Anyway, my boyfriend is a loyal democrat.  He would never think to vote out of party.  Not ever and not for any reason.  I know this.  We have tried to not talk politics, but of course it’s in our blood.  In the past 3 weeks, we have had some very heated debates.  Yesterday for the first time, although it turns out it has been on both of our minds for a while, we talked about breaking up.  Over Obama and McCain!  My brain says that would be retarded!  That 10 years from now, I’ll have to think, wow, my relationship ended because of Barack Obama or John McCain, but keep in mind I have to blame Obama because this would not even be a problem if Obama was not the nominee.  If it were Hillary or any other of the democratic candidates, we would be together as democrats.

I have had to end a friendship this year, which is something I never thought I would do over politics.  Unfortunately he was a friend who continued to make sexist comments about Sarah Palin and blaming stupid women for the election problems and I had warned him the last time not to do it again.  Sadly once Palin was nominated he became very insulting to me as a woman and we are not friends and will not be ever again.  If I know that he thinks I am stupid because I am a woman, well, then I don’t need friends like that.

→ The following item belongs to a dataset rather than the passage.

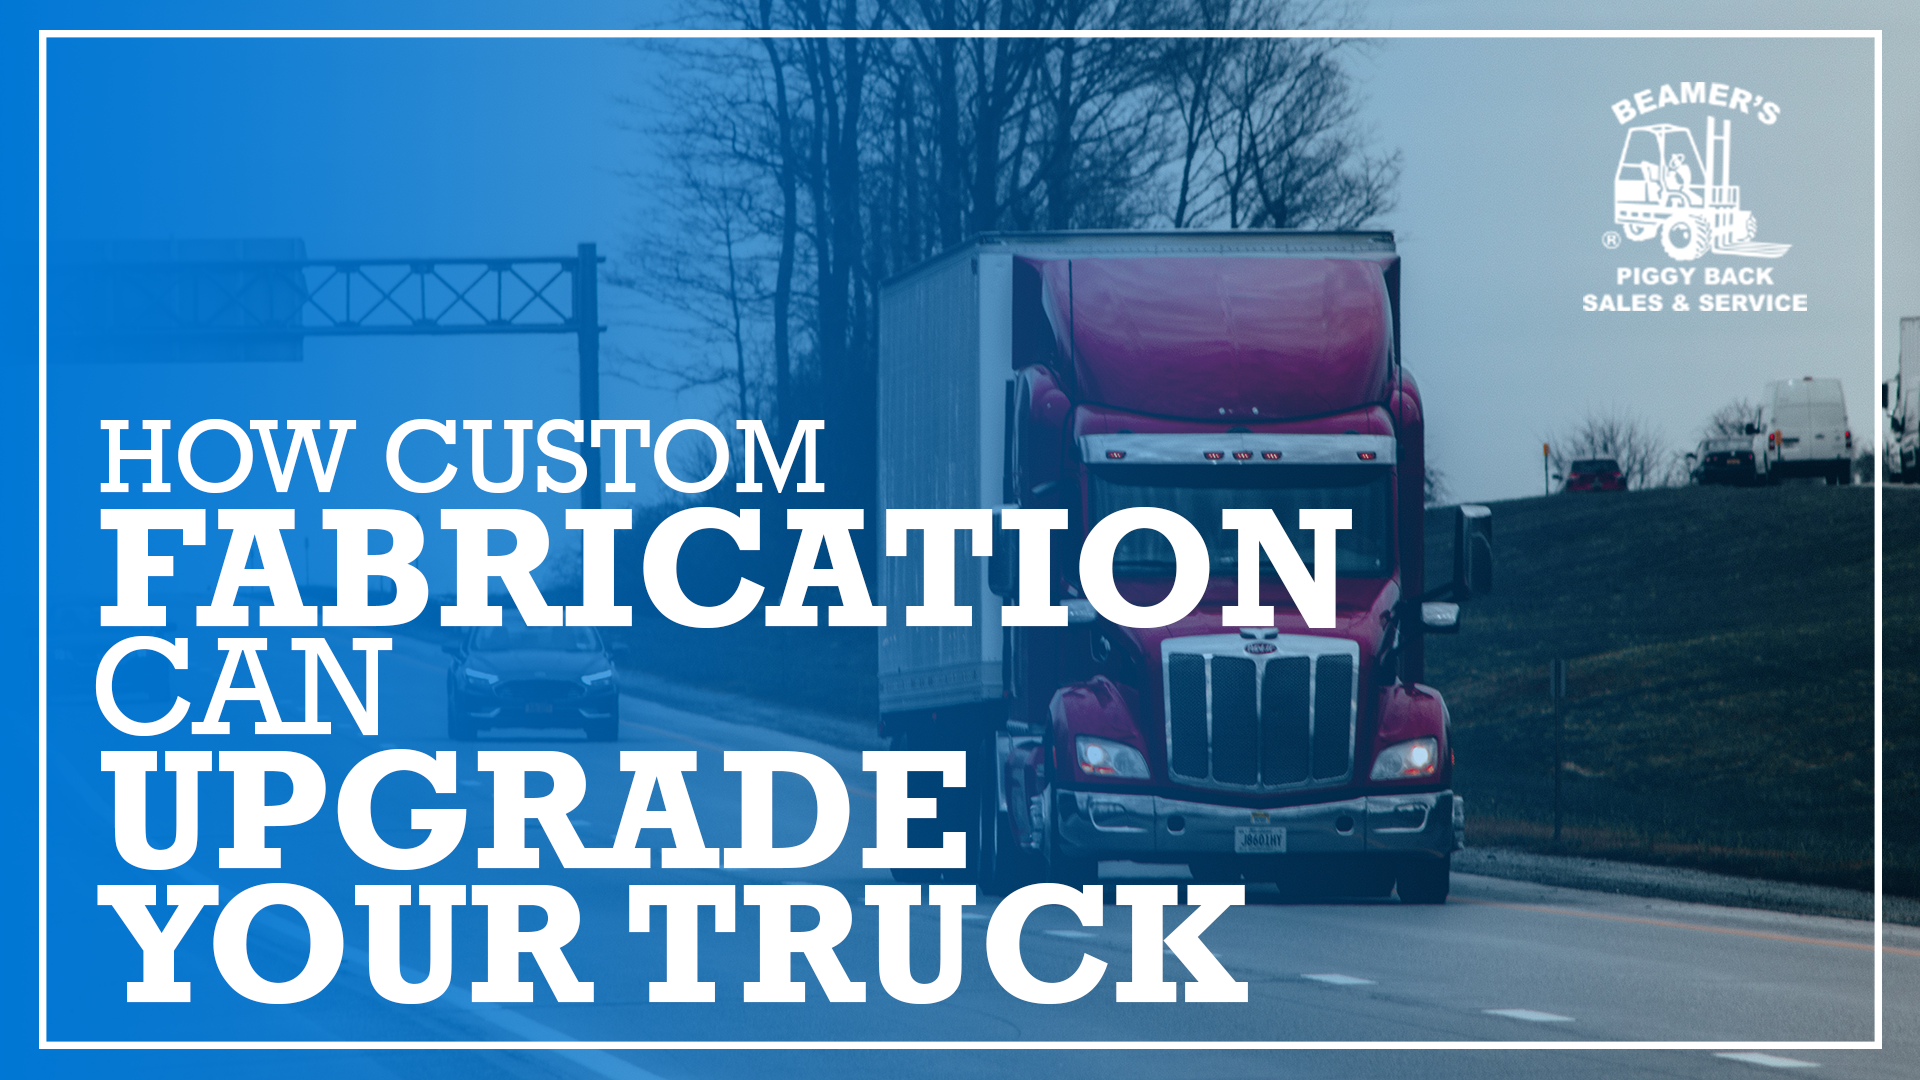 How Custom Fabrication Can Upgrade Your Truck

How will I get through this with my boyfriend?  I want to believe that this is temporary.  The election will happen and at some point we get past it.  I think about 2000 and I never thought I would get over that stolen election, but I did.  I reminded my boyfriend of that and he agreed, but he sees it very different this time.  The funny thing is that I should be the one who would be the most upset about a con man being in the White House and I have an easier time with him supporting Obama than he has with me supporting McCain.  I realized last night just how much it bothers him that I will risk those Supreme Court appointments and Roe vs. Wade and drilling, and war.  He just cannot understand why I see Obama as a con man when he so clearly doesn’t.  He also sees years of fighting no matter which one is President because one of us will be very unhappy.  This is very hard. 

At this point, I would give just about anything for something to happen where Obama is out.  I don’t care what it is.  I guess I need to pray daily for thast Berg lawsuit to shake everything up, but we’re getting down to the wire.

How many relationships have been lost or are in turmoil over election 2008?  I have heard women say that they will not tell their husbands, but will secretly vote McCain in November.  How does that effect the polls?  How many people are not truthful when the pollsters call?  Should I have kept this secret?  Should I lie and say I’ve changed my mind and then vote for McCain and never admit that I did?  I can’t.  I am a woman who speaks her mind.

This makes me think of James Carville and Mary Matalin.  Hmmmmmm.  They make it work.  Can they help?

We will need a poll after the election to see how many loves/friends were lost to this disaster election!